Code is compiling but produces unexpected error for given thresholds:

    let confidence_threshold = 0.02;
    let top_k = 5000;

Error:

thread '<unnamed>' panicked at 'range end index 5000 out of range for slice of length 277', src/postprocessing.rs:195:22

So this implies if i am not mistaken that filtering operation:

   let mut ind_above_thresh: Vec<usize> = scores
        .iter()
        .enumerate()
        .filter_map(|(ind, &score)| (score > confidence_threshold).then(|| ind))
        .collect();

discards too many values which further implies that network outputs might be wrong (delta is too big), this is still not confirmed and shouldn't be the case even though original implementation is using pytorch and in rust implementation onnxruntime is used because i am passing exactly the same image as network input and there were no issues when switching between inference engines in python.

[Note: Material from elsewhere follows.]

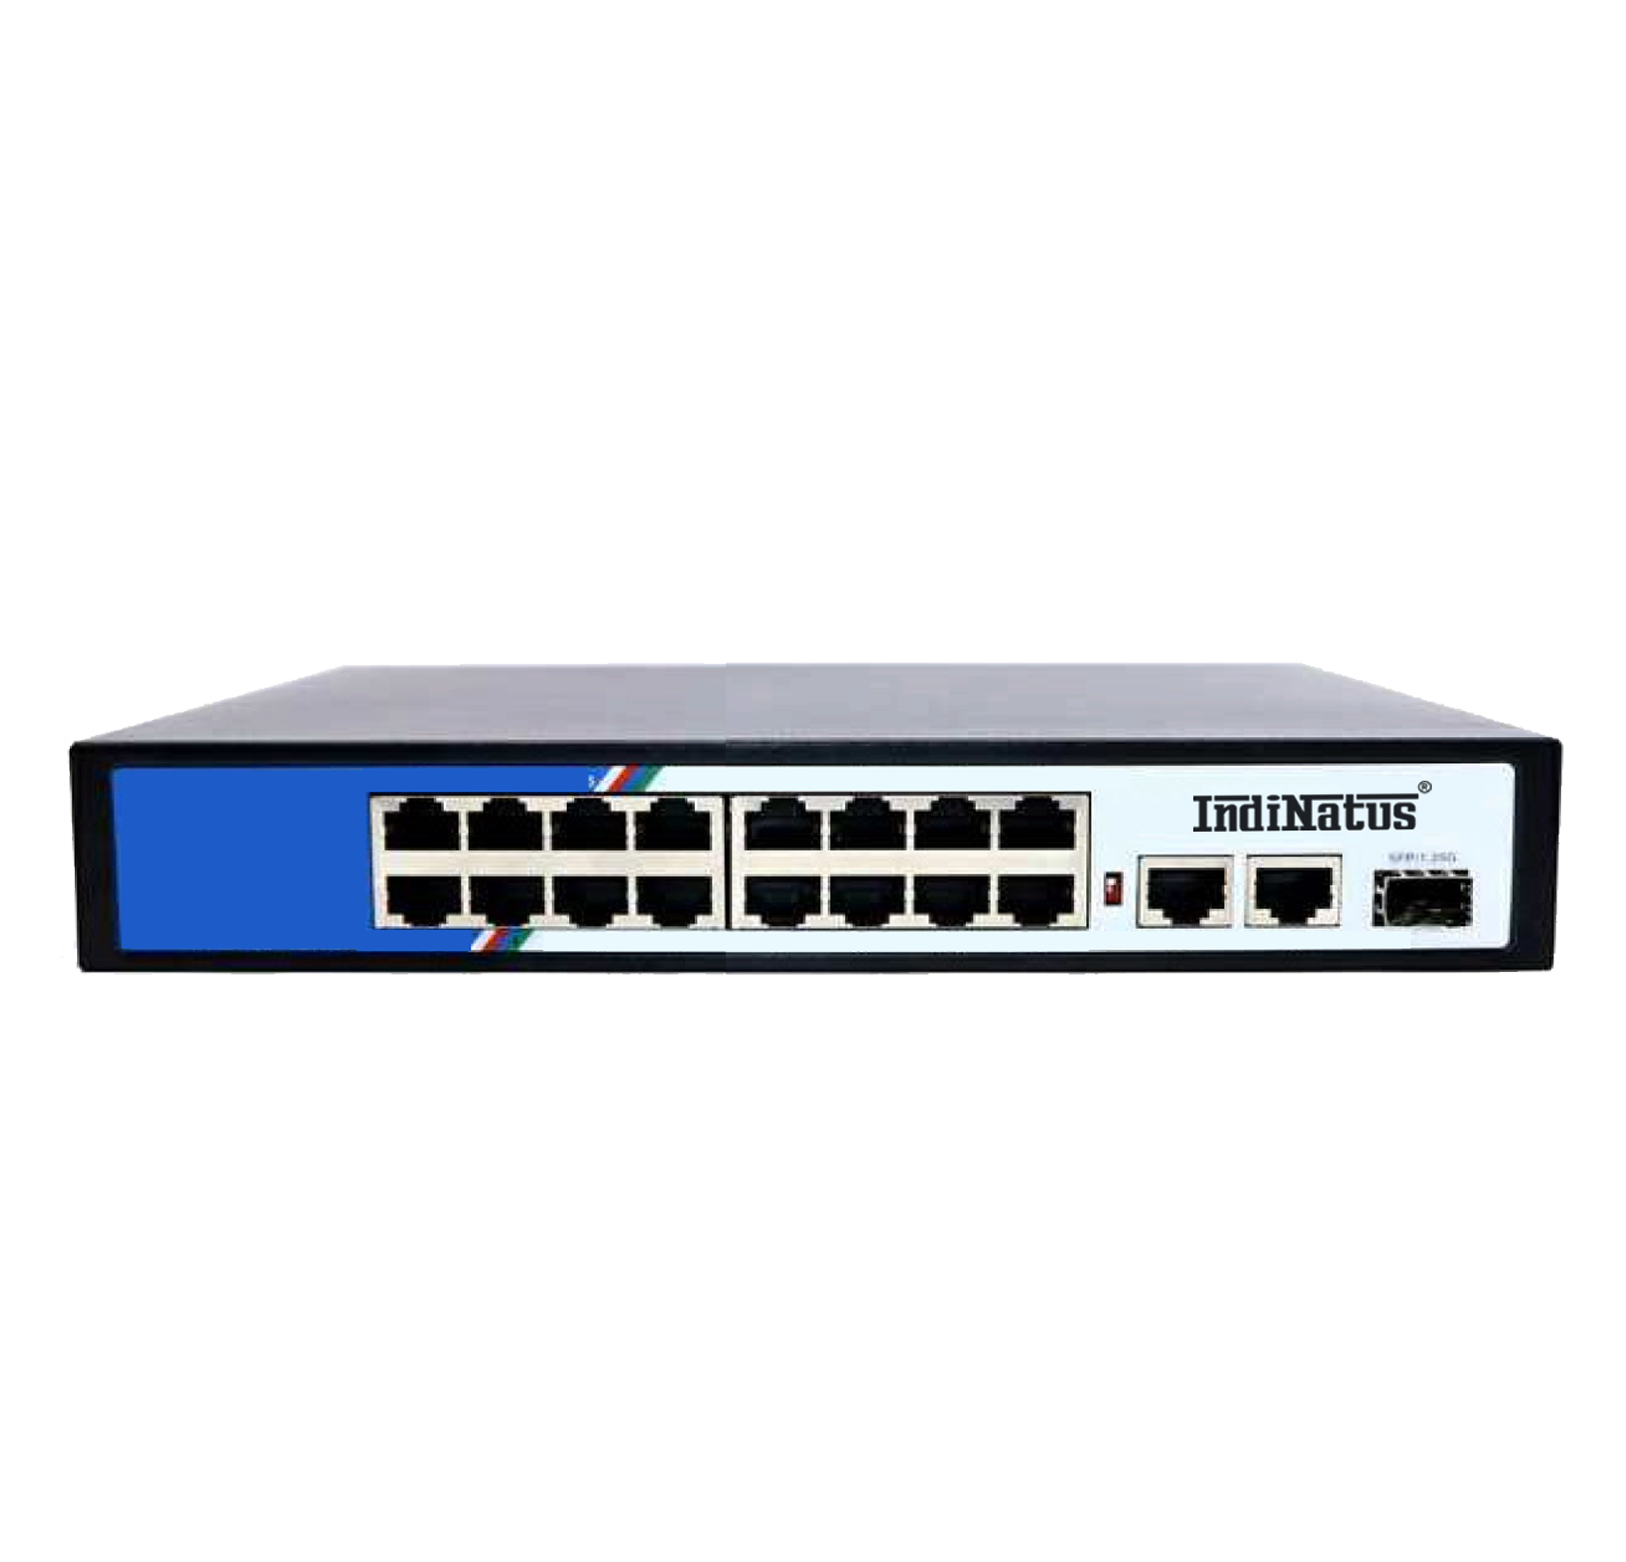  24Port Gigabit PoE + 2-Port Gigabit SFP + 2-Port Gigabit Copper Ethernet Switch, IN-24P2G-SFP-420W,  IndiNatus® India Private Limited - India Ka Apna Brand, Indian CCTV  Brand,  Make In India CCTV camera, Make in india cctv camera brand available on gem portal, IP Network Camera, Indian brand CCTV Camera, Best OEM Of CCTV in India

Still trying to understand if this can somehow be related to incorrect tensor manipulations

[jturner314]

Yeah, if that panic occurs on the line let top_k_ind = &ind_above_thresh[..top_k];, then ind_above_thresh has length 277, which means that 277 scores are above confidence_threshold. It sounds like this is less than what you were expecting. The bug could be in the code I suggested or somewhere else. I'd suggest testing smaller pieces of the code separately to narrow down where the problem is located.

[bluss]

The course of this issue is just a discussion I guess? I could move it to discussions, and using discussions is also a good idea (but I realize they might be less visible).

[jturner314]

Yeah, it's just a discussion. I didn't realize that it was possible to convert issues to discussions. I'll try it. Edit: That's pretty cool. Thanks for pointing out that feature.

[bluss]

github has been tweaking the discussion feature a bit since launch. I don't know if the lock topic was yours or due to moving to discussions, but it shouldn't be needed to do that. Issues I've moved before have practically "disappeared" instead of having a lock, at least..

[jturner314]

Yeah, GitHub closed and locked the issue as part of converting it into a discussion, I guess to force the conversation to move to the discussion. I'm surprised that there's no way to unlock the issue.

[bluss]

I see that you wrote ArrayBase<OwnedRepr<f32>, Dim<[usize; 2]>> in your code. There are type aliases for the various combinations, and it's not intended to ever be written out in full like that. Please use one of the equivalent ways to write the same type: Array<f32, Ix2> or Array2<f32>. (and array views work similarly with the ArrayView and ArrayViewMut aliases).